Se détacher de la masse des candidats d’ici à trois mois, puis espérer leurs ralliements, c’est tout l’enjeu du vote utile à gauche qu’elle se propose d’incarner. Si aucune dynamique n’émerge en sa faveur d’ici à janvier, tout le monde estime qu’il sera trop tard. « Anne est très très déterminée, balaye Mathieu Klein. Je n’envisage pas une seconde l’hypothèse selon laquelle nous devrons nous ranger derrière un autre candidat. »
L’entourage « parisien » à l’écart
La prochaine étape ? Le vote des militants du PS, à la fin du mois, qui désignera définitivement leur candidat à la présidentielle. Une primaire interne qui pourrait opposer Anne Hidalgo au maire du Mans, Stéphane Le Foll, qui râle depuis des semaines contre une candidate imposée sans débats. Un duel qui devrait cependant se résumer à une formalité pour la maire de Paris.
C’est l’heure pour son « équipe de France » de rentrer sur le terrain. « Elle a fait sa déclaration et maintenant, nous devons prendre le relais, martèle Johanna Rolland, maire de Nantes et directrice de campagne d’Anne Hidalgo.

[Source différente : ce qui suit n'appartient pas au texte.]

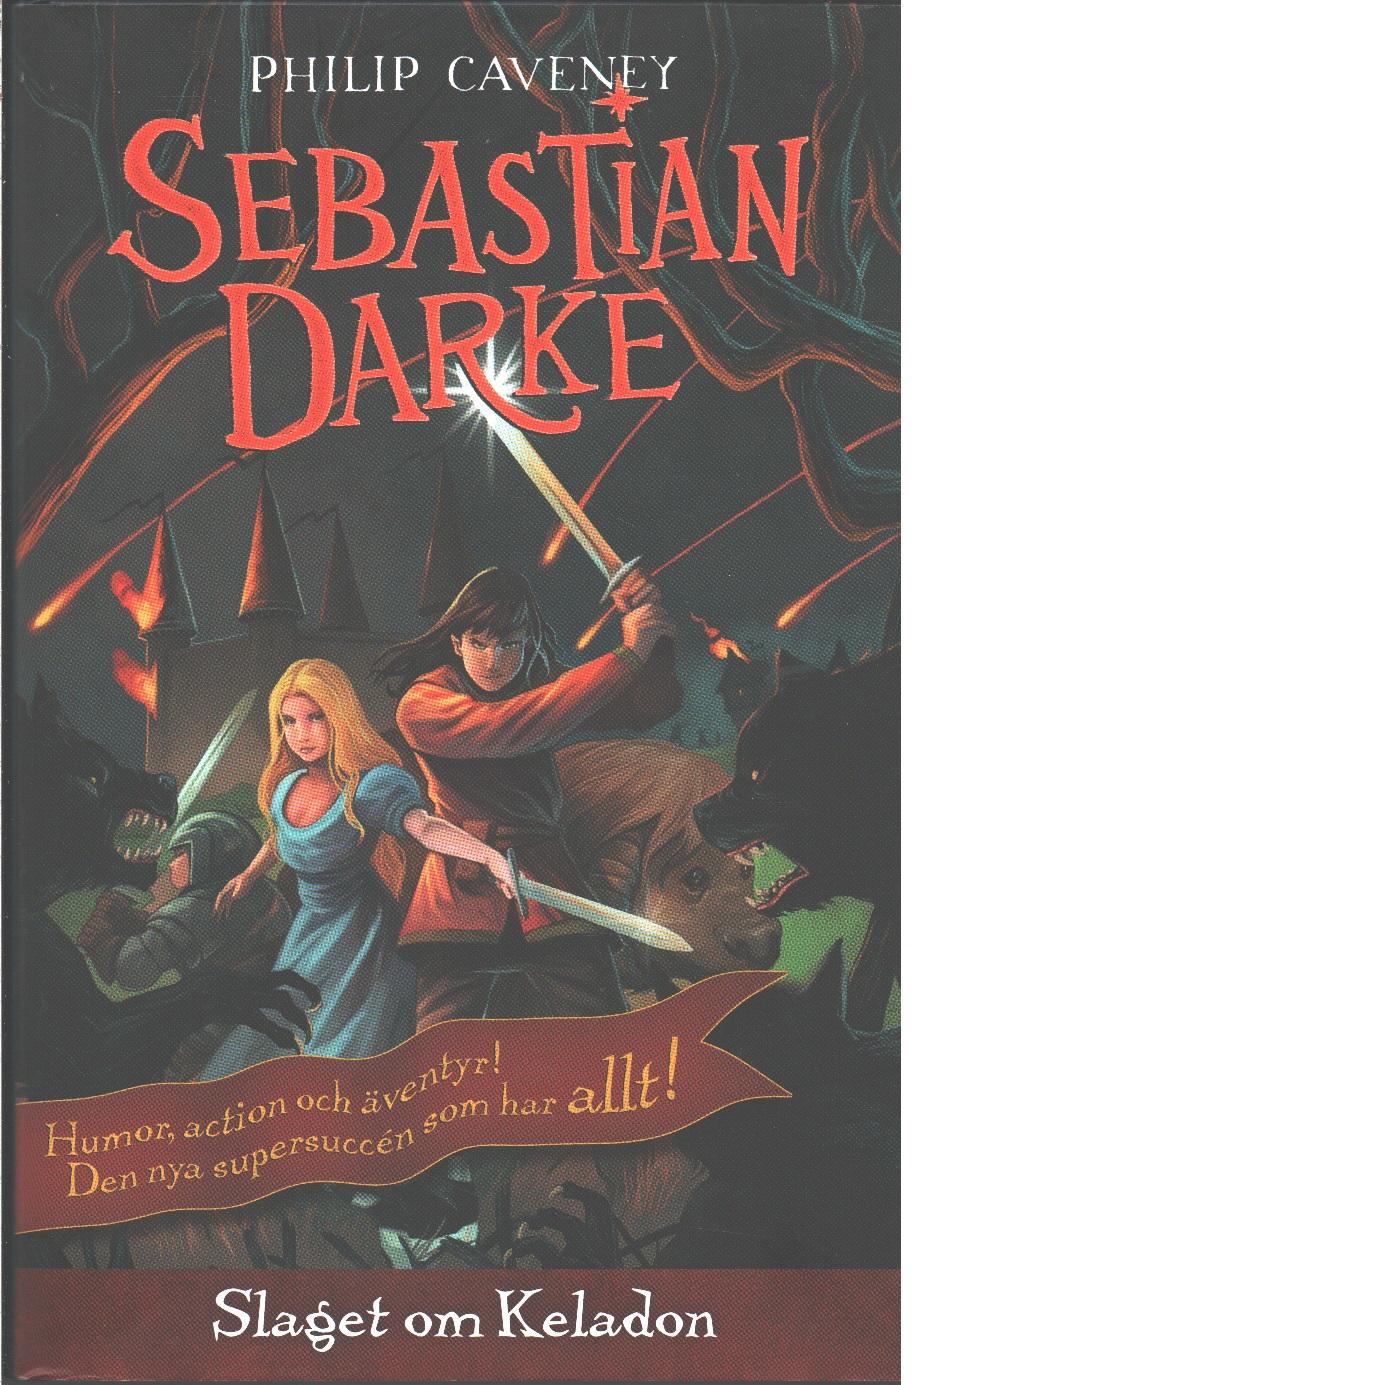 Slaget om Keladon  - Caveney, Philip och Wiberg, Carla

Il ne peut y avoir d’homme ou de femme providentielle. Cette campagne sera une aventure collective. »
Le défi n’est pas mince, il leur faudra gagner en notoriété et prouver que cette « équipe de France » des maires ne se résumera pas à de simples échanges de bonnes pratiques. Jean-Marc Germain est optimiste, il s’est même autorisé un « Waouh ! Quel conseil des ministres, cela pourrait être. »
En revanche, il n’y avait presque pas de membre de l’entourage « parisien » d’Anne Hidalgo à Rouen. La consigne est claire et inflexible, elle pourrait générer quelques frustrations à terme : aucun adjoint ou élu parisien n’aura ni voix au chapitre ni attribution exécutive durant la campagne de la candidate. La « maison Paris » doit continuer à tourner à plein régime, l’une des conditions élémentaires, mais indispensables, d’une campagne présidentielle sereine.